AI assistant
Libertystream Infrastructure Partners — Capital/Financing Update 2021
May 11, 2021
44404_rns_2021-05-10_7ebdd66e-477a-4399-a607-4fb56c9daeea.pdf
Capital/Financing Update
Open in viewerOpens in your device viewer
FORM 51-102F3 MATERIAL CHANGE REPORT
1. Name and Address of Company
Allied Copper Corp. (formerly, Gold Rush Cariboo Corp.) (the “ Company ”) 217 Queen Street, Suite 401 Toronto, ON M5V 0R2
2. Date of Material Change
April 29, 2021
3. News Release
A press release disclosing the material change was released on April 29, 2021, through the facilities of Newsfile Corp.
4. Summary of Material Change
On April 29, 2021 the Company has closed its non-brokered private placement of units (the “ Offering ”) through the issuance of 8,333,333 units (each, a “ Unit ”) at a price of $0.30 per Units for the gross proceeds of $2,500,00.
5. Full Description of Material Change
Pursuant to the Offering, the Company issued 8,333,333 Units at a price of $0.30 per Unit for gross proceeds of $2,500,000.

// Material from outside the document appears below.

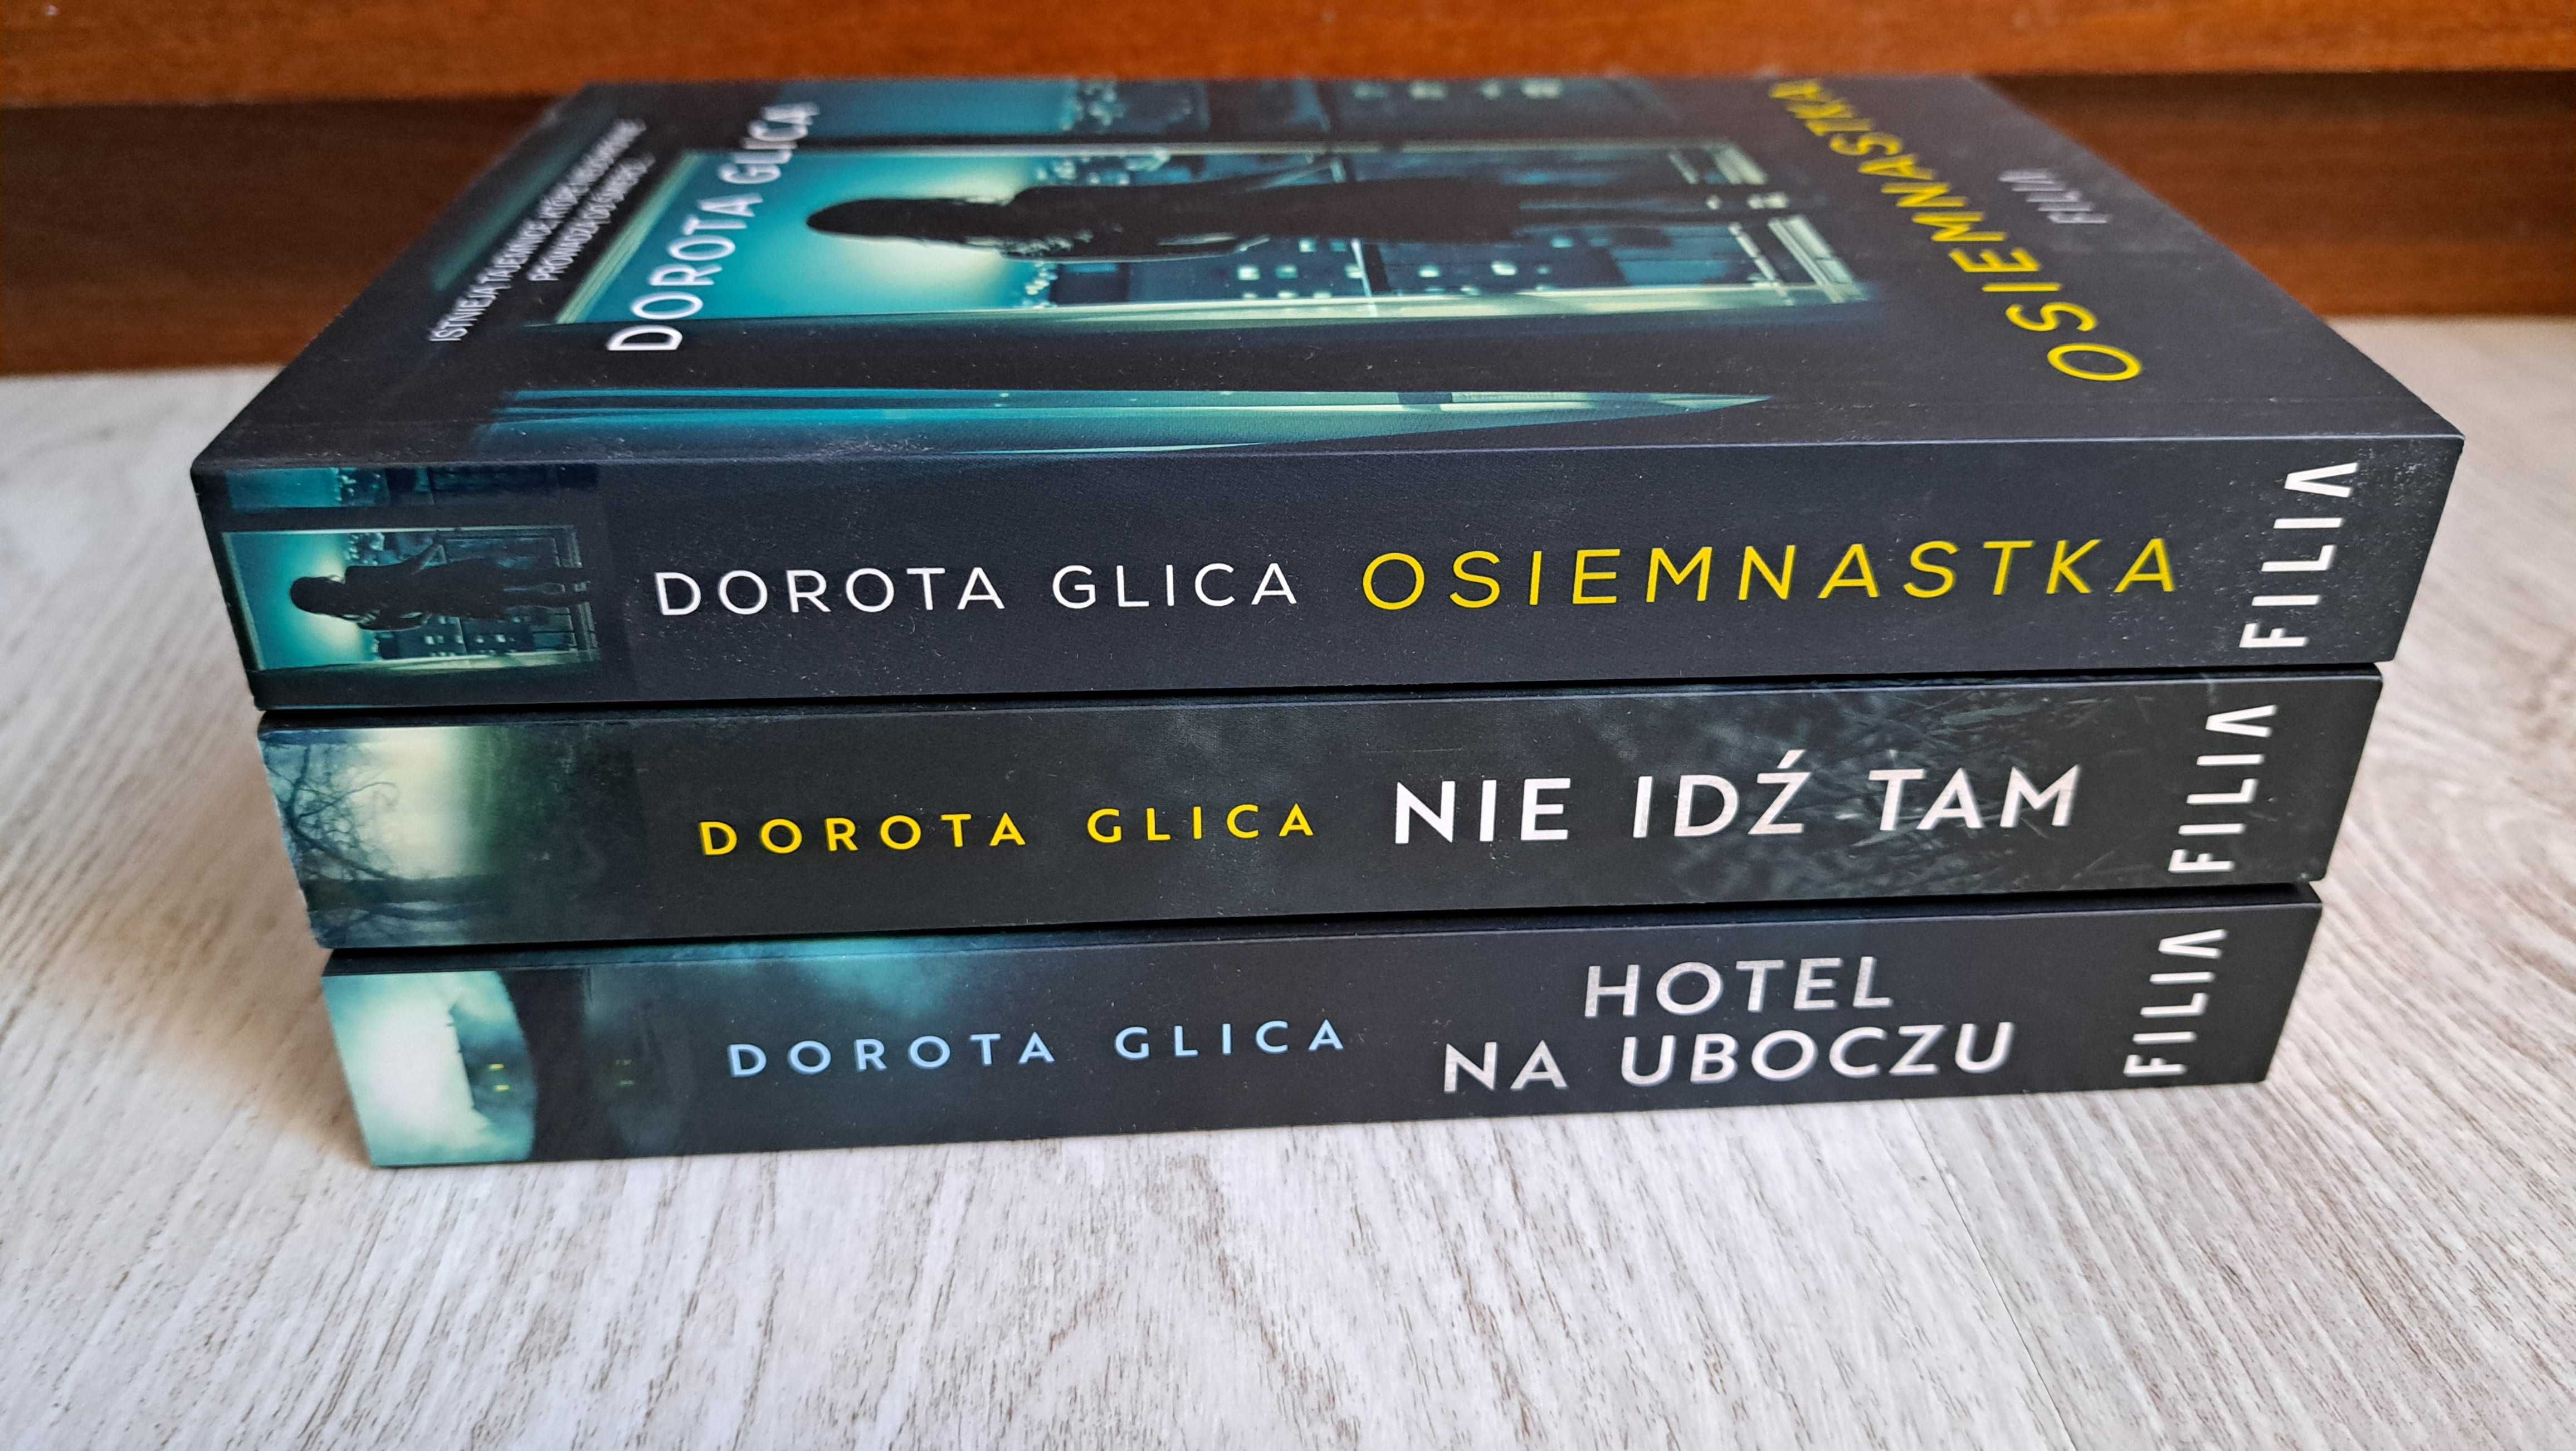 3x Dorota Glica Nie idź tam + Osiemnastka + Hotel na uboczu       nowe

Each Unit consisted of one common share of the Company (a “ Common Share ”) and one-half of one Common Share purchase warrant of the Company (each a whole warrant, “ Warrant ”). Each Warrant entitle the holder to purchase one Common Share at an exercise price of $0.45 per Common Share until April 29, 2023 (the “ Warrant Term ”) provided however, that should the closing price at which the Common Share trade on the TSX Venture Exchange (or any such other stock exchange in Canada as the Common Shares may trade at the applicable time) exceed CDN$0.90 for 20 consecutive trading days at any time following the April 29, 2021, the Company may accelerate the Warrant Term (the “ Reduced Warrant Term ”) such that the Warrants shall expire on the ate which is 30 business days following the date a press release is issued by the Company announcing the Reduced Warrant Term.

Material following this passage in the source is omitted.